I notice a man come in behind my dh that looks like his father will look in 20 years and my thoughts drift to in-law problems...
I snap out of it and see that the women are talking to my dh and he is not shy about responding. Everyone in the place seems to be enjoying the conversation they are having. They've got the whole place smiling. My mind races to think of who in the world these women are...an old girlfriend maybe?
Suddenly they are walking towards me and it hits me...
This is a family that we have known for years, I used to spend weekends at thier home as a refuge from my own family problems as a teen. They never moved away, but the kids changed schools and we lost touch about 15 years ago.
The reason for the clergy sticker and the dumpy truck is that they voluntarily live below thier means to operate the only homeless shelter in the county. They are very much in the ministry, probably moreso than many of us will ever be.

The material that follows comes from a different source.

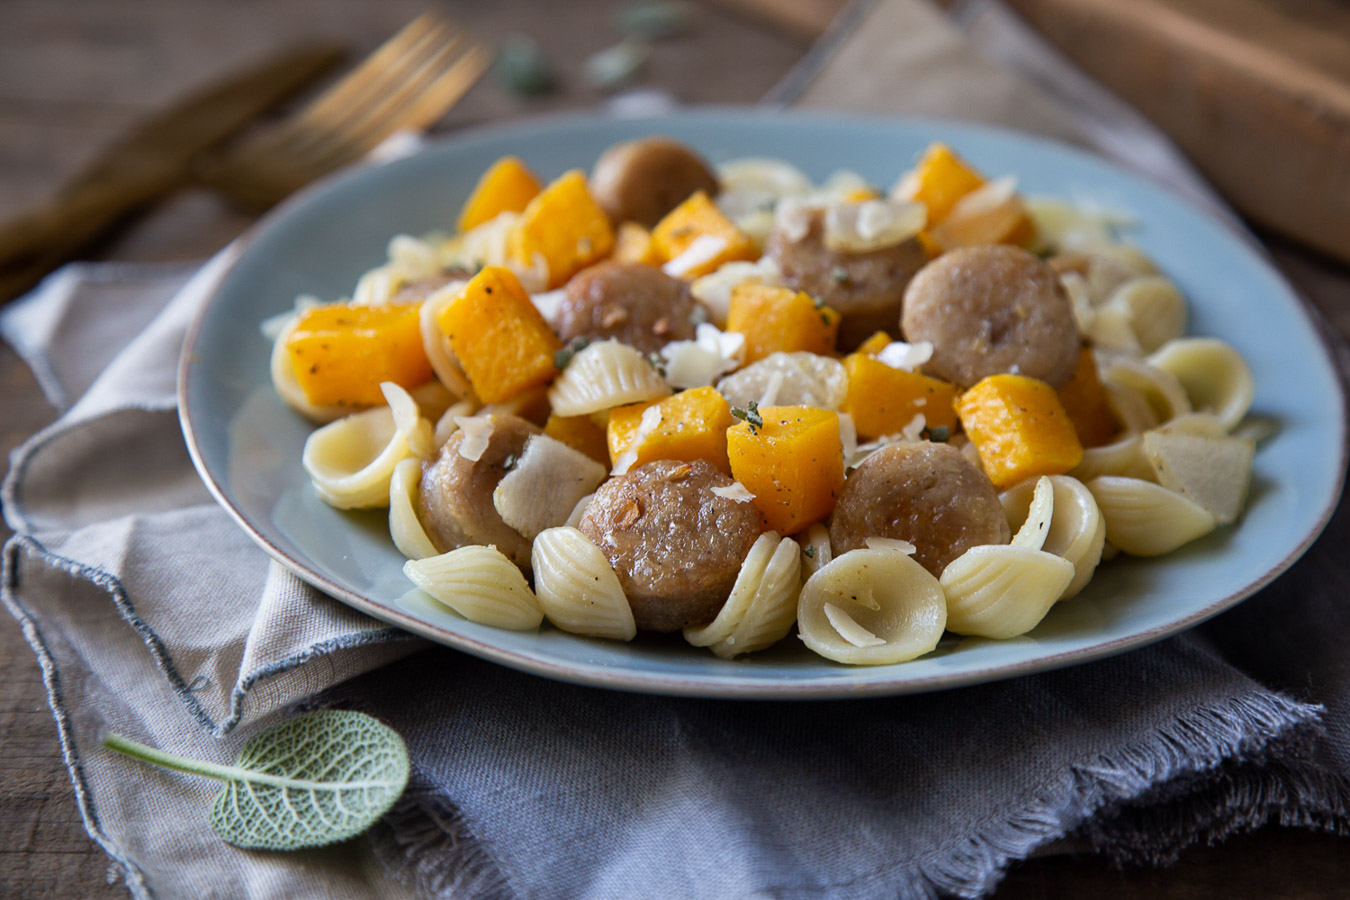 Pasta with Roasted Squash + Sausage

I had heard about it a few years ago. (they would never bring it up themselves to tell us.)
We had a nice chat in the parking lot and caught up on all the baby news and what both of our brothers were doing in the military.

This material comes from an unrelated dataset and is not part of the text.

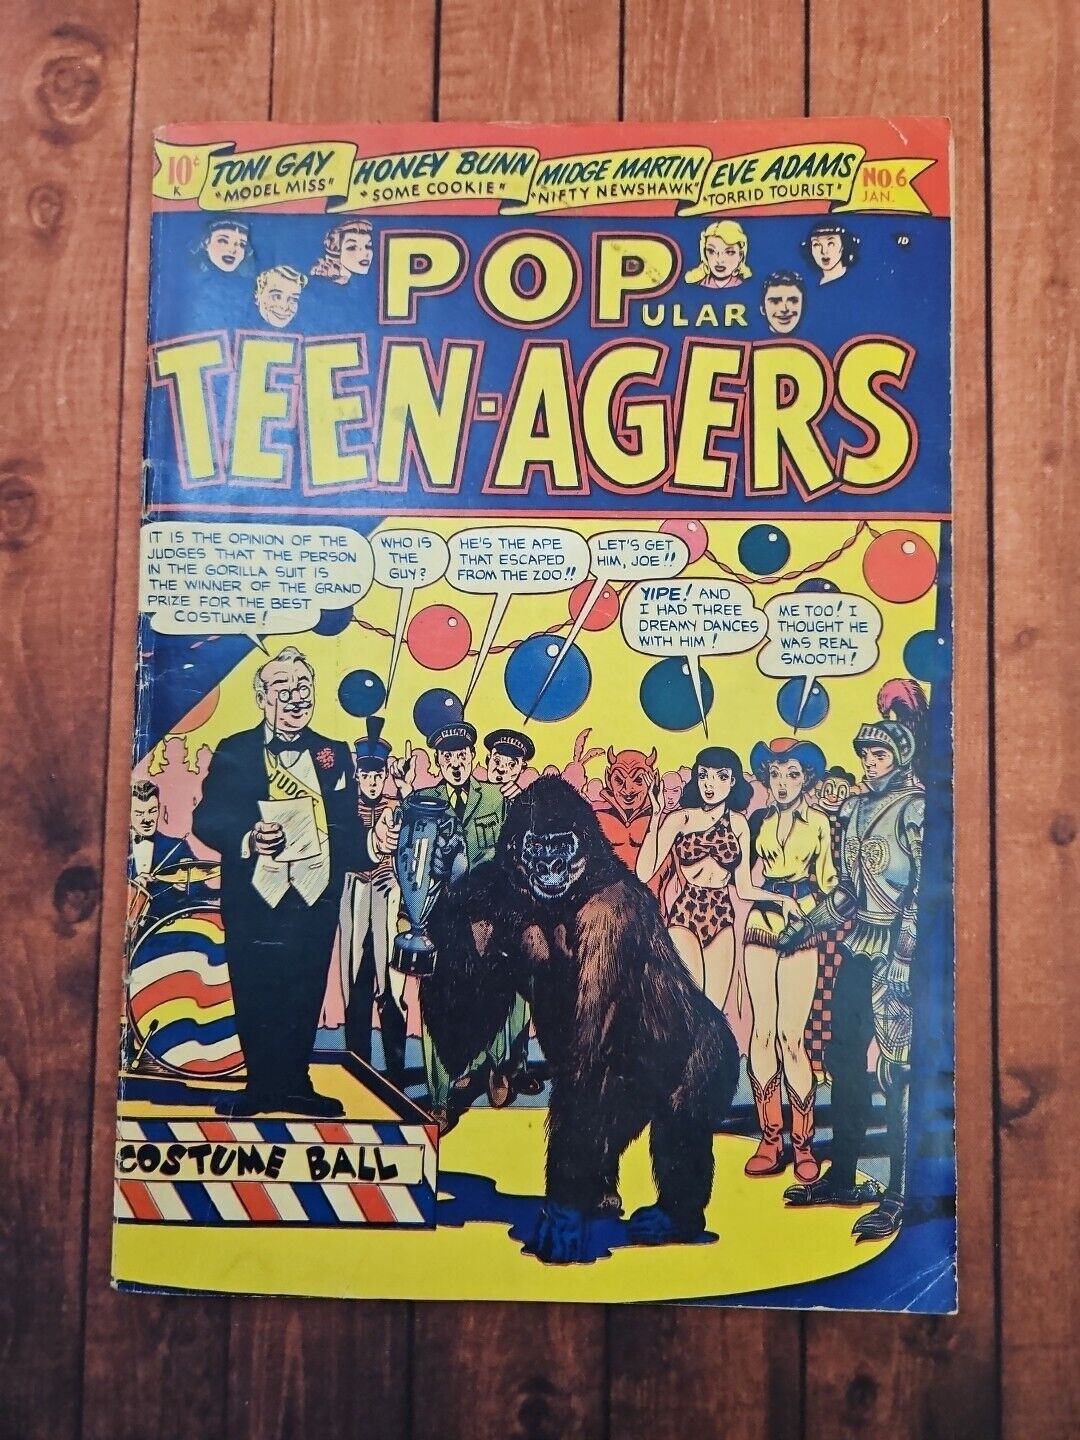 Popular Teen-Agers #6 VG- 2.5 1950 Star Publications Check out the pics

The Lord really showed me didn't He?
We parted ways and I felt like the biggest idiot and the smallest person on the planet.
Where do I get off judging what a clergyman is and isn't supposed to look like?
My eyes were opened a bit wider today to see the ugly, judgemental person I have become.
I gripe and complain about what some churches have become and I am no better.
Thank you Lord for loving me too much to allow me to stay where I am. I didn't realize how pitiful and miserable I had become. I didn't see that I am poor, blind, and naked. Thank you for showing me today. Thank you for your forgiveness and mercy and for the Hope that I have in You.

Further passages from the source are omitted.